Install the BaseX XML database and create a database with the file 'restaurants_basex.json'. Formulate all queries from the Task 01 (1) to (8) with XPath/XQuery in BaseX. The content of both json files is the same, so you should retrieve the same results as with the MongoDB solution. You can execute the queries directly in the BaseX GUI. After succesful execution in BaseX just copy and paste the queries into the cell below. If a query is not expressible in XPath/XQuery write down not possible and the reason.

(1) 
```
count(//restaurant__id)
```

(2) 

```
(for $restaurant in //_
    where $restaurant/borough = 'Bronx'
    return $restaurant/name)[position() lt 6
```

(3)

```
for $restaurant in //_
let $score_sum := sum(
    for $grades in $restaurant/grades
    return $grades/_/score/text()
)
where $score_sum > 80 and $score_sum < 100
return $restaurant/name/text()
```

(4) 

```
for $restaurant in //_
where matches($restaurant/name, '^Wil')
return $restaurant/name/text()
```

(5)

```
for $restaurant in //_
    where not(matches($restaurant/borough, 'Staten Island|Queens|Bronx|Brooklyn'))
    return $restaurant/name
```

(6)

```
let $unique-borough := distinct-values(//borough)  
for $borough in $unique-borough
return ($borough, count(//_[borough = $borough]))
```

(7)

```
for $restaurant in //_
where matches($restaurant/name, 'Mexican') 
and not(matches($restaurant/cuisine, 'Mexican'))
return ($restaurant/name/text())
```

(8)

```
for $restaurant in //_
where matches($restaurant/cuisine, 'Bakery') and matches($restaurant/name, 'Sugar')
return ($restaurant/name/text())
```

#### Task 03: Conclusions [4 points]. 
Write 5-10 sentences with your conclusions concerning performance, usability etc. between using MongoDB and BaseX.

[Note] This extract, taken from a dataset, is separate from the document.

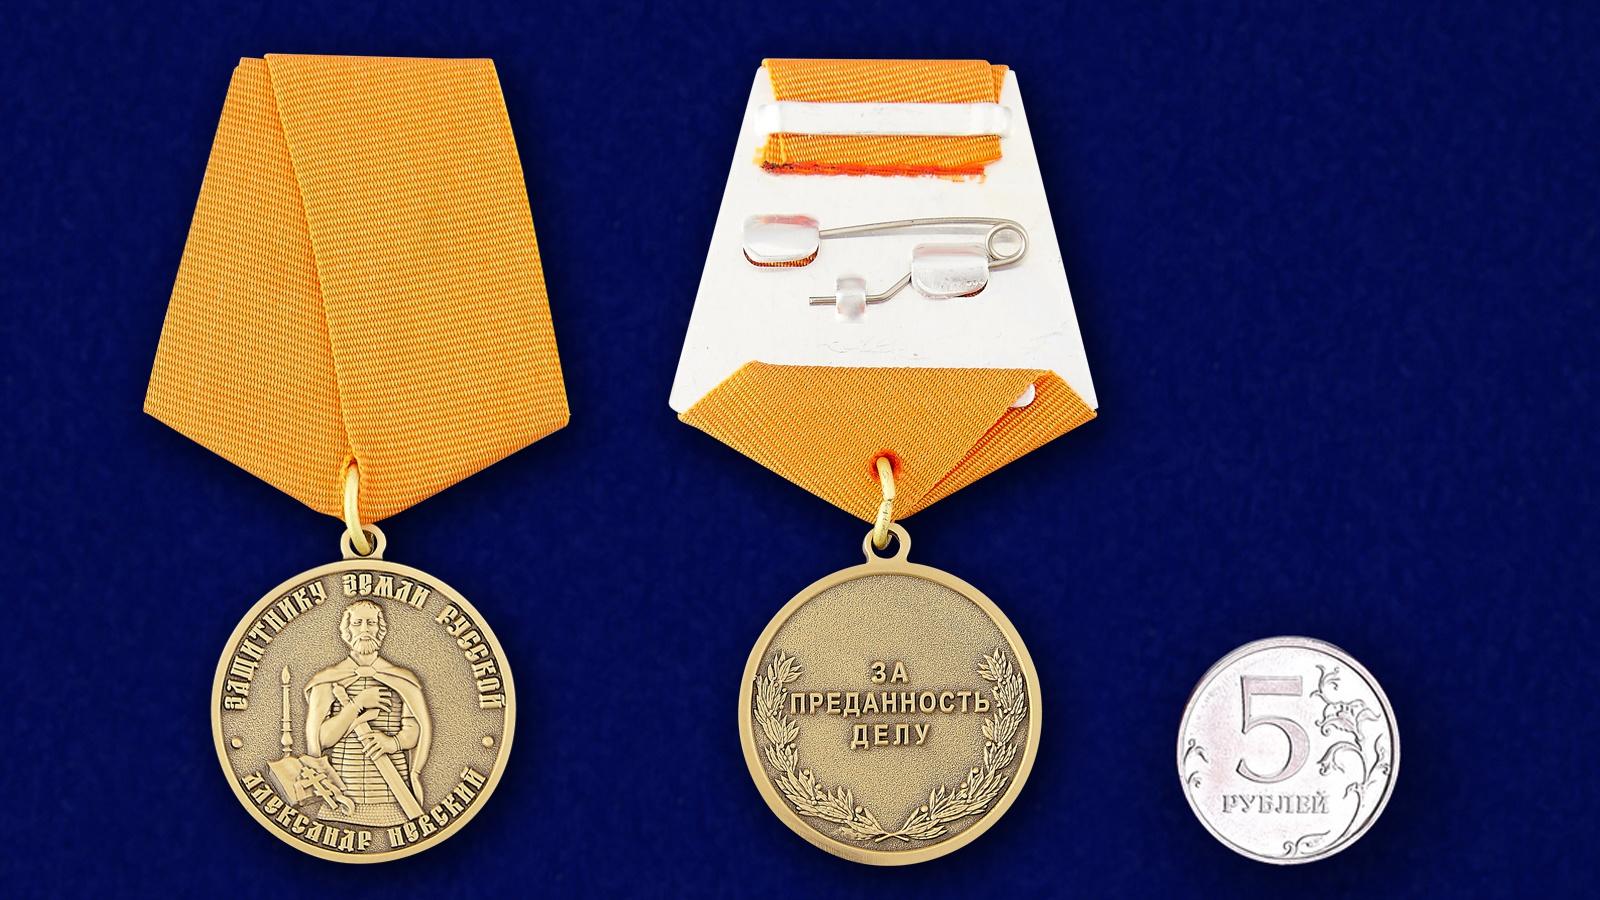 Медаль Александра Невского Защитнику земли русской - сравнительный размер

In comparsion from MongoDB to BaseX, it becomes obvious that MongoDB is much more widely used than BaseX. MongoDB has much more ressources to gather information from, it has a more sophisticated documentation and it is much more often the topic in discussions on common platforms like Stackoverflow. Because of it's widespread use, MongoDB has a quite simple setup and various pip packages which allow a simple way to interact with the DB from Python.

The syntax of BaseX is furthermore more complex and not as intuitive than MongoDB. But this probably has something todo with MongoDB handling it's data based on
and derive it's syntax from JSON.

To handle big data I also think the winner is MongoDB. It supports the partitioning of data to multiple servers (sharding). Regarding performance, MongoDB supports an In-Memory storage engine, which BaseX does not.